Combining forecasts from multiple aggregation levels has the lowest sMSE for Croston, SBA and, subsequently, the Auto-selection model. The bias remains the lowest in the Naive model, but this also has the highest sMAPIS error. The sMAE is relatively flat across all models. Combining multiple aggregation levels doesn't appear to give much of an advantage over the monthly aggregation. If using Croston's method or SBA, the original series with no aggregation still performs better.

When combining multiple forecasting methods at a single aggregation level, we see a fairly average result. Most metrics are around the middle of the pack when compared to their single forecast counterparts. However, when combining both forecast methods at all aggregation levels (ie throwing the kitchen sink at it), we get a more robust performance across the board.

```
fig, axs = plt.subplots(5, figsize=(5,10))
for i in range(5):
axs[i].boxplot(results.iloc[2:,3+i],
labels=[results.columns[3+i]],
vert=False)
axs[i].scatter(results.iloc[20,3+i],1,
marker='x', s=100,
label='Combo - Multiple Aggregation')
axs[0].legend(loc=(1.05,0.7))
plt.subplots_adjust(hspace=.4)
plt.show()
```

Combining multiple forecasting methods across multiple aggregation levels proved to be a robust approach for the M5 dataset. While it did not produce the lowest error for any one metric, its performance was generally better than average across the board. This is helpful for real-world situations where stock can be ordered at a more optimal level without having to select a forecasting model or choose parameters (ie aggregation level for ADIDA).

As noted by Petropoulos (2014), the question remains as to how high an aggregation level we should choose. In this tutorial we selected 28 days as the maximum, but we could continue to aggregate further to quaterly, bi-annually, annually etc.

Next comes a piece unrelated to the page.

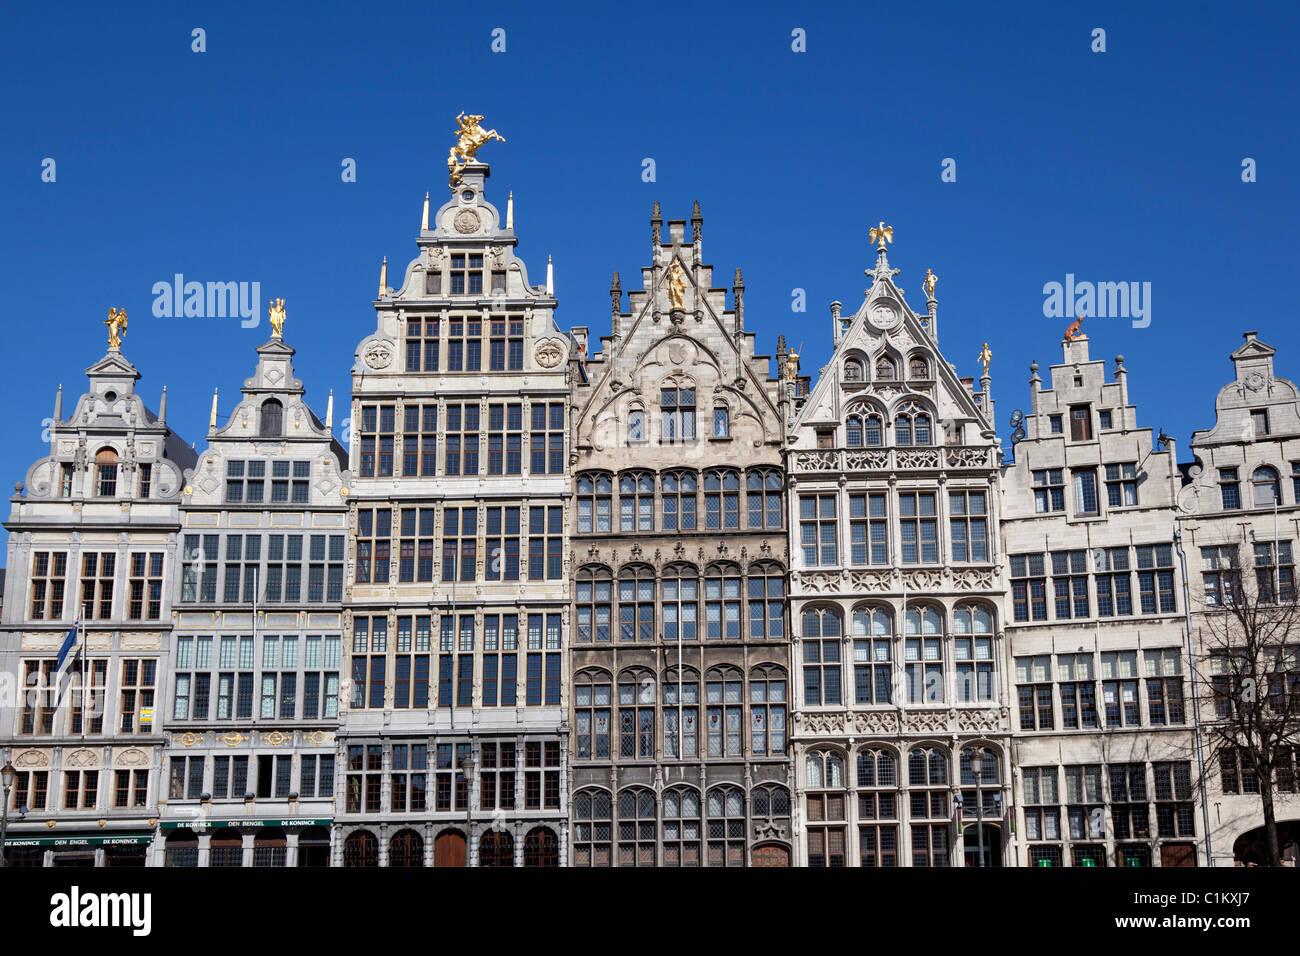 Row of Flemish houses on the Grote markt in Antwerp, Belgium Stock Photo

In the ADIDA tutorial, we noted that some series performed best at an annual aggregation level.

The auto selection approach, based in the $CV^2$ and $p_{mean}$, did not outperform its constituent models as hoped and only offered a middle ground. Perhaps the classification of time series could be improved using a different selection scheme.

Hyndman, R. 2006. A Note on the Categorization of Demand Patterns. Journal of the Operational Research Society 57, 1256-1257.

Petropoulos, F., 2014. Forecast Combinations for Intermittent Demand. Journal of the Operational Research Society 66, 914–924.